By Rob Fisher, Lead Back End Developer in Mobas' Digital team.
Unit testing of code is something rarely done by developers or web design agencies, and it’s even rarer for those commissioning software to understand the huge benefits. Why developers avoid unit testing is a subject for another time: here we will look at the benefits for the project owners.
One of Mobas’ corporate clients has a requirement for a complex system of providing pricing based on vehicle rates, additional package rates and seasonal rates throughout the year. In addition, in some cases rates are overridden for weeks and weekends. The potential variations are huge and constantly changing.
User testing such a complex environment is near impossible and constant ongoing changes and enhancements would lead to regressions (new software bugs) which would endanger the system’s core operation.
The chosen solution was to use TDD (Test Driven Development), where a whole range of tests were written upfront, covering all aspects of system operation. Code was then written until all of the tests passed and, where necessary, the code was then refactored into more efficient units and tested once again.
As a part of our continuous integration process, unit tests are run hourly. If the tests pass, this essential aspect of the system is proven to be working perfectly. Conversely, should new changes have been made to the system causing regression, the tests would break allowing developers to take immediate remedial action.
As a result the owner of the system has solid evidence of a key and complex aspect of their system working perfectly, not just an overall impression or promise that the whole system probably works.
Better design from the outset
Developers who know that their code has to be testable write in a thoughtful manner facilitating testability. Code then tends to be written in smaller units, and lower complexity in code is both easier to understand and maintain. Issues are found early on as tests fail to pass and any problems have to be confronted early, leading to less bugs in the production system.
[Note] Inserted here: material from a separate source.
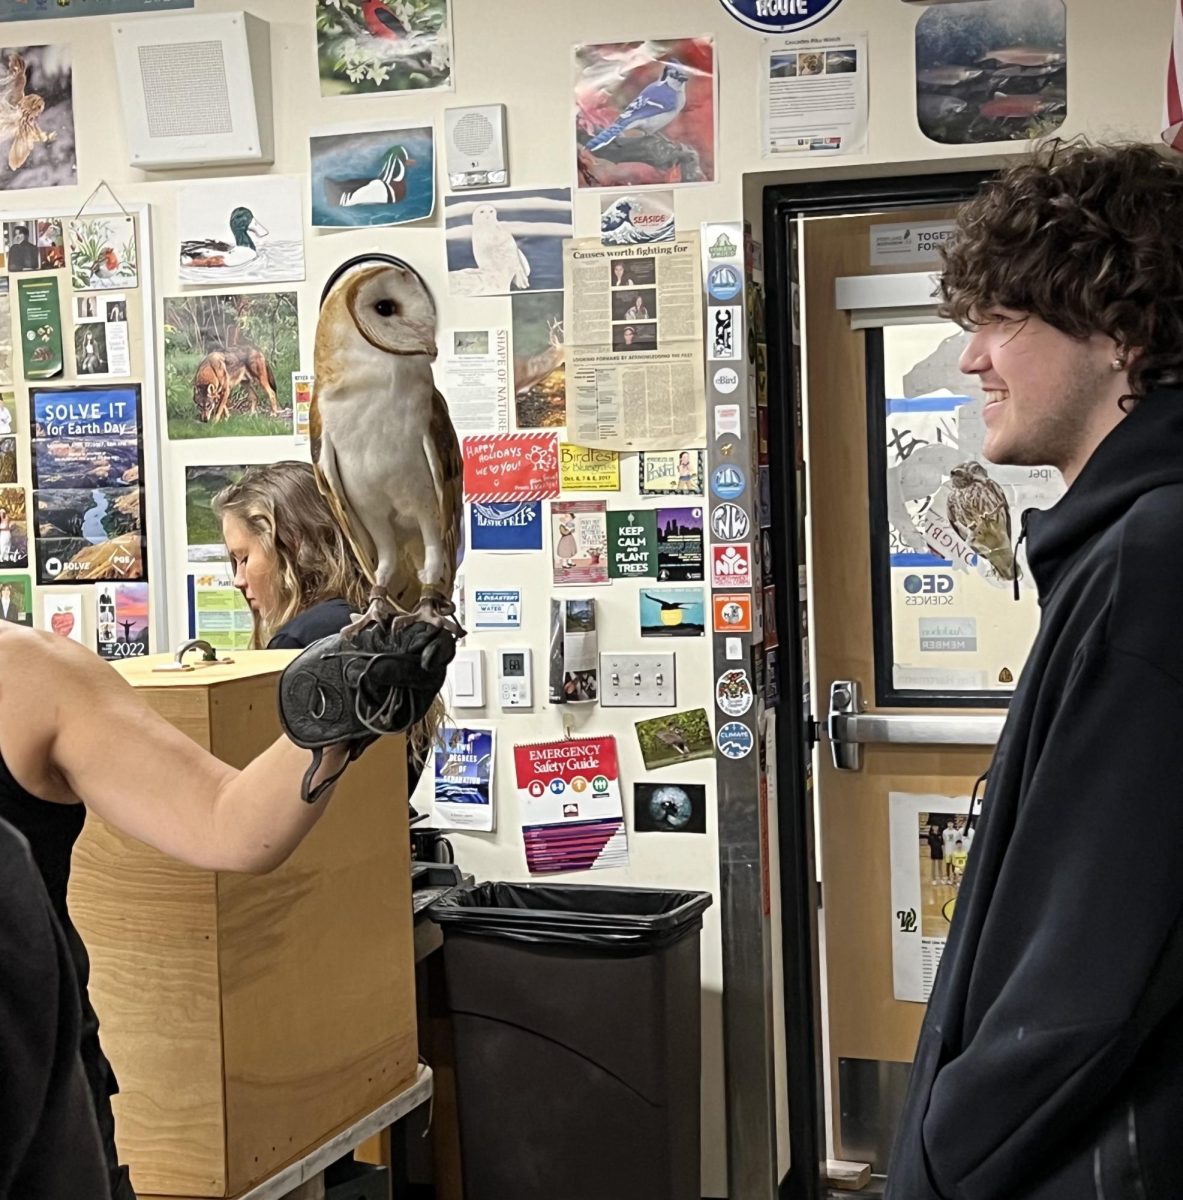 Falcons have been proven to engage students in a classroom environment.

The owner of the system has a far more elegant and robust solution.
Easier and safer to modify and refactor existing functionality
Complex code bases get changed over time due to ongoing enhancements, patches and configuration changes. It’s a normal part of the program development process to test whether new units of code break old capabilities: this is called regression testing. Old tests are run against the new code to check whether they still work.
If, however, the original capabilities were built without tests, regression testing becomes almost impossible, As multiple code changes are made, bugs are far more likely to be introduced often in totally unexpected and hard-to-debug locations regardless of how carefully they are implemented.
As the owner of new software you are unlikely to have deep technical knowledge. A well unit tested codebase provides some peace of mind that the code base has some quality and is far more likely to cope with ongoing modification.